Gloria and school friend in the 1950s waiting for a bus in the shelter on the Green
Gloria and school friend in the 1950s waiting for a bus in the shelter on the Green

My first memory is about aged four, I think. We used to walk from Tudeley to school which was about two miles. I went to Capel School with friends. One teacher was called Miss Reed and there was a Miss Baker and the headmaster Mr. Fiddis.

My brother went to Tonbridge School and I went on to Hillview at age of 11 until 15. Then I worked at Matfield with a couple of young friends that I had got to know. We worked for a man who had a scientific instrument place making little jewels you put into compasses in aeroplanes.

It was like going from school to bad school. We were not allowed to talk. He put up on the board a sheet of behaviour and progress in work and everything. We put up with that for two years then we all decided to up and leave and we all went down to the plastic factory in Paddock Wood.

The Old Post Office and Forge
The Old Post Office and Forge

There were five of us, all ladies.

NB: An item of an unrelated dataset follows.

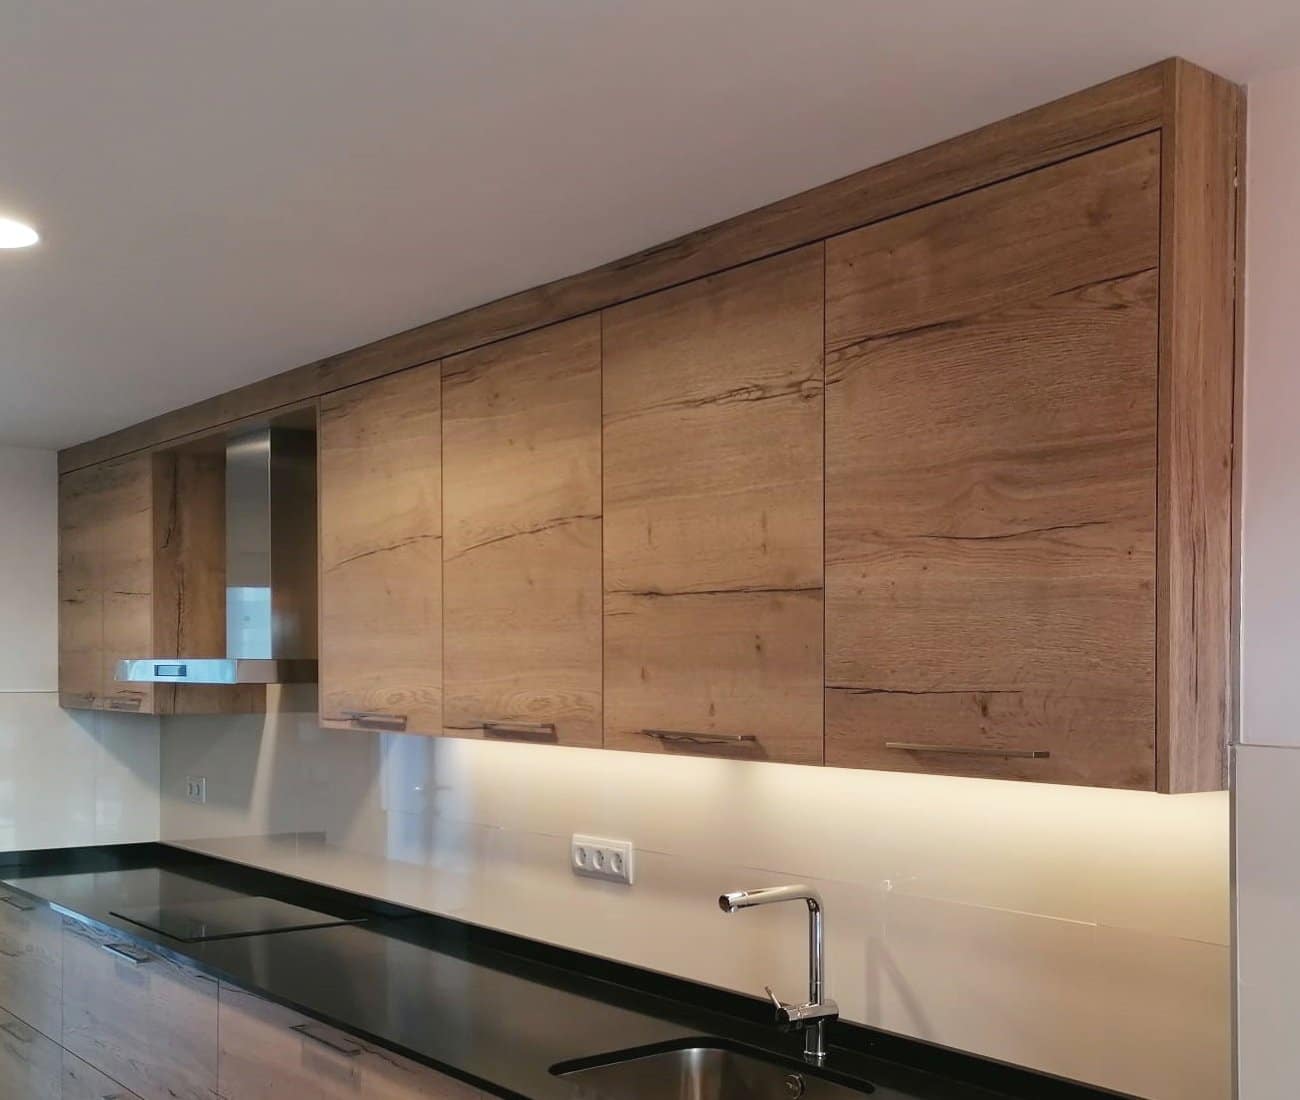 Detalle de muebles altos con LED inferios en una cocina clasica en madera con tirador
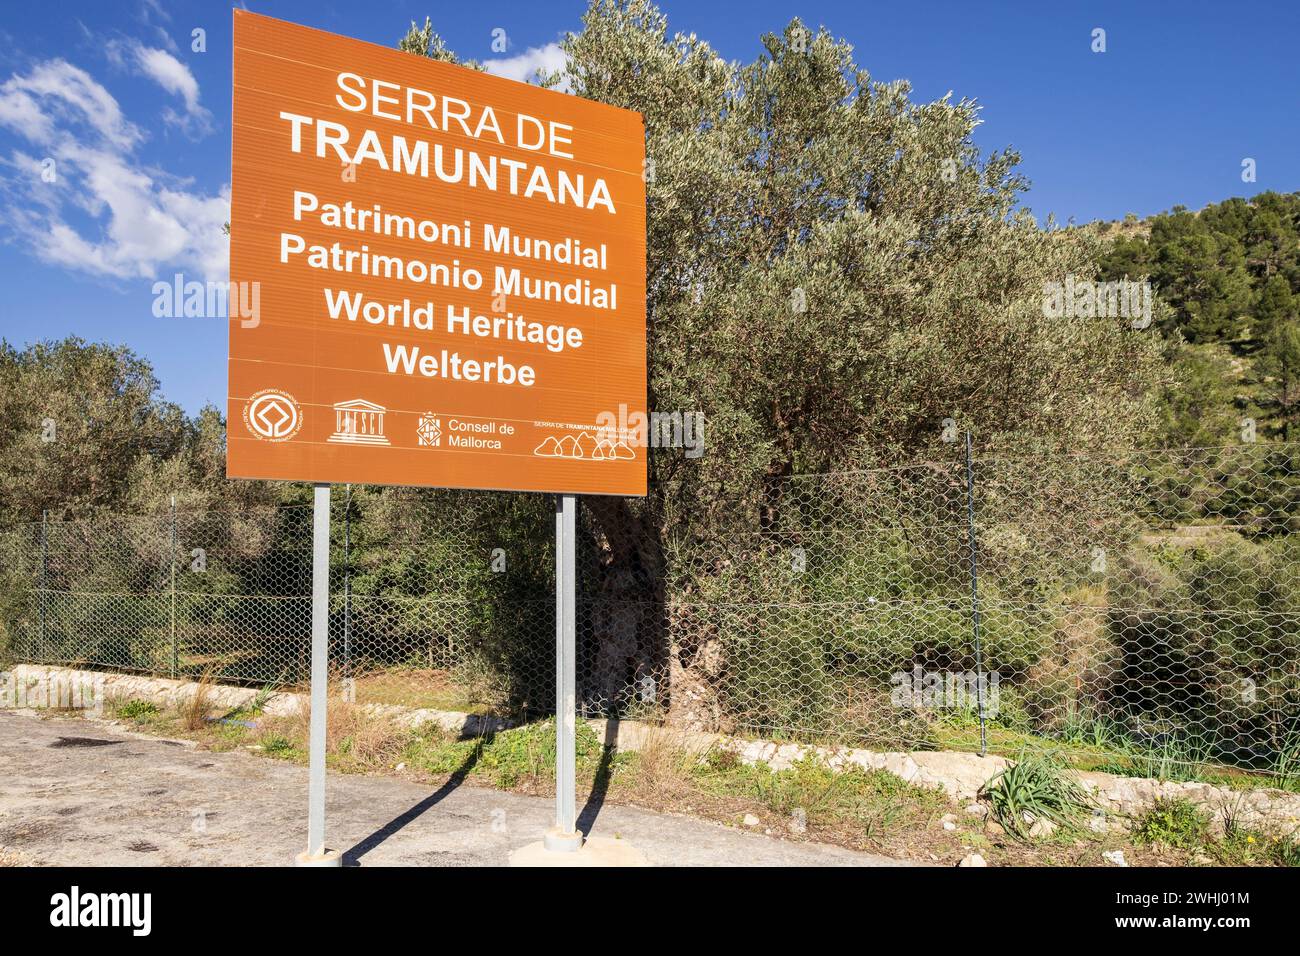 Cartel de la sierra de Tramuntana como patrimonio de la humanidad Stock Photo

We were paid £4.50p a week. We all rebelled and walked out. It was not the done thing in those days, was it? He used to bible-teach. We didn't mind to start with that much but it got worse and worse.

He read the Bible to us two or three times a day. Almost unbelievable these days, I know.

Prior to that my brother and I used to go hop-picking from aged about eight. We had half a bin each and that's what you did for three weeks in August, summer holiday time, to earn your school uniform. What was left from the money you could have for a gift.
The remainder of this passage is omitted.